L'élimination injectable de la graisse du menton est-elle douloureuse ?

La séance d'injection elle-même est modérément inconfortable plutôt que très douloureuse — une anesthésie topique (EMLA) appliquée 45–60 minutes avant le traitement et de la glace immédiatement avant l'injection réduisent significativement l'inconfort. La sensation de brûlure post-injection due à l'acide désoxycholique est le moment le plus intense — les patients décrivent une sensation de brûlure/picotement dans la zone submentale qui persiste pendant 15–30 minutes puis diminue à mesure que l'effet anesthésique local s'accumule. Les 48–72 heures suivant le traitement, avec un gonflement maximal, sont la période la plus inconfortable après la séance — l'ibuprofène (si non contre-indiqué) est approprié pour gérer les symptômes.

 

La graisse revient-elle après le traitement ?

Les cellules graisseuses détruites par l'acide désoxycholique sont détruites de façon permanente — elles ne se régénèrent pas. En ce sens, la graisse dans la zone traitée ne « revient » pas. Cependant, si le patient prend beaucoup de poids après le traitement, les cellules graisseuses restantes dans la zone traitée et les zones adjacentes peuvent s'étendre, réduisant l'amélioration. Les patients qui maintiennent un poids stable après le traitement conservent leurs résultats à long terme. Le traitement lipolytique injectable produit les meilleurs résultats à long terme chez les patients qui sont à leur poids santé ou proche et qui ne prévoient pas de changements de poids importants.

 

Que dois-je dire aux patients à propos du gonflement ?
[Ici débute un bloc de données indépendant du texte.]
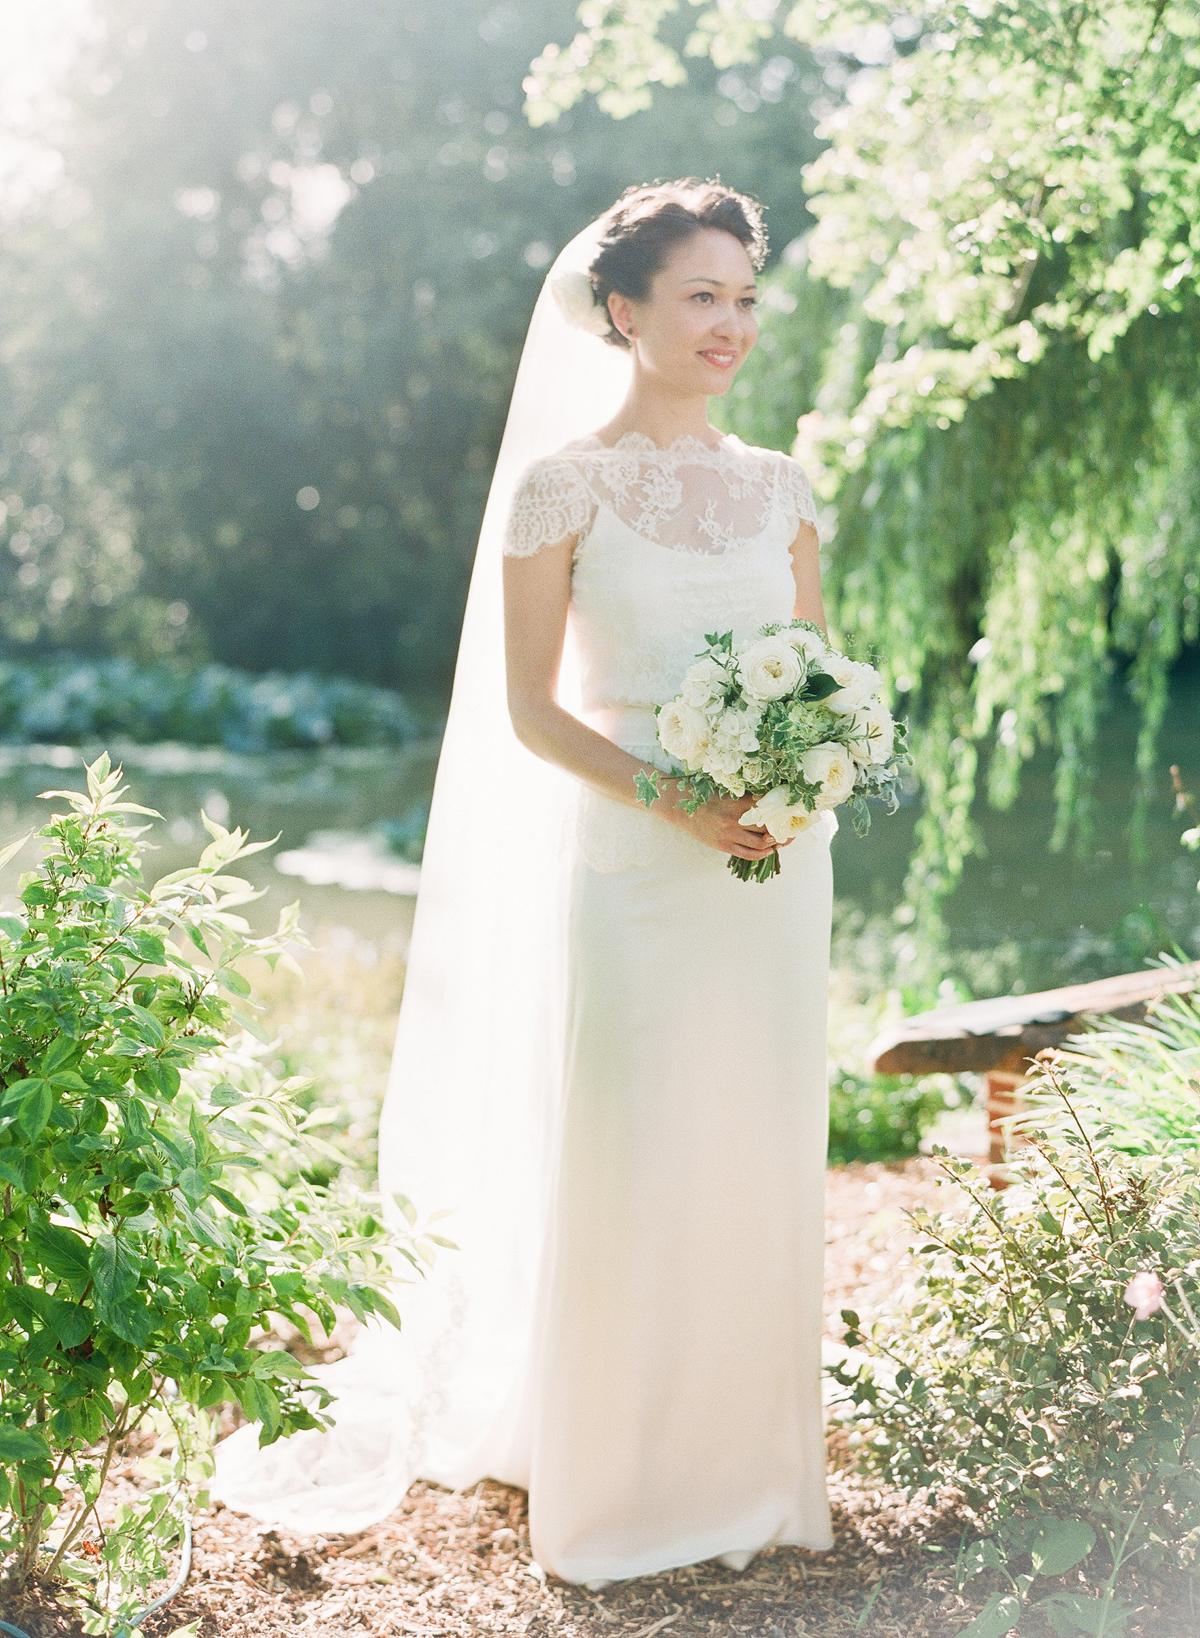 Belle & Bunty - Made To Order Wedding Dresses for Modern, Fashion ...

Informez les patients de tout avant le premier traitement — pas après avoir vu le gonflement. Plus précisément : un gonflement important apparaîtra en quelques heures et atteindra son pic à 48–72 heures ; la zone paraîtra et se sentira plus grande et plus ferme qu'avant le traitement pendant les 2–3 premières semaines ; c'est attendu et c'est le signe que le traitement fonctionne ; les poches de glace et les anti-inflammatoires (si non contre-indiqués) aident à gérer l'inconfort ; le résultat ne peut être évalué qu'après 6–8 semaines ; ne prévoyez rien d'important dans les 48–72 heures suivant chaque séance. Un patient informé de tout cela à l'avance gérera calmement la phase post-traitement et arrivera à la revue de 6 semaines en s'attendant à de bonnes nouvelles — ce qui est généralement le cas.

 

Les lipolytiques injectables peuvent-ils être utilisés pour la laxité cutanée submentale ?

Non — les lipolytiques injectables détruisent la graisse, pas la peau. Si la principale préoccupation submentale est la laxité cutanée plutôt que la graisse, le traitement lipolytique n'est pas approprié et pourrait aggraver l'apparence en supprimant la graisse qui soutient actuellement la peau relâchée en surface. Pour la laxité cutanée dans la zone submentale et du cou, les modalités de traitement appropriées sont le HIFU, le raffermissement par radiofréquence (Morpheus8 ou similaire) ou le lifting chirurgical du cou.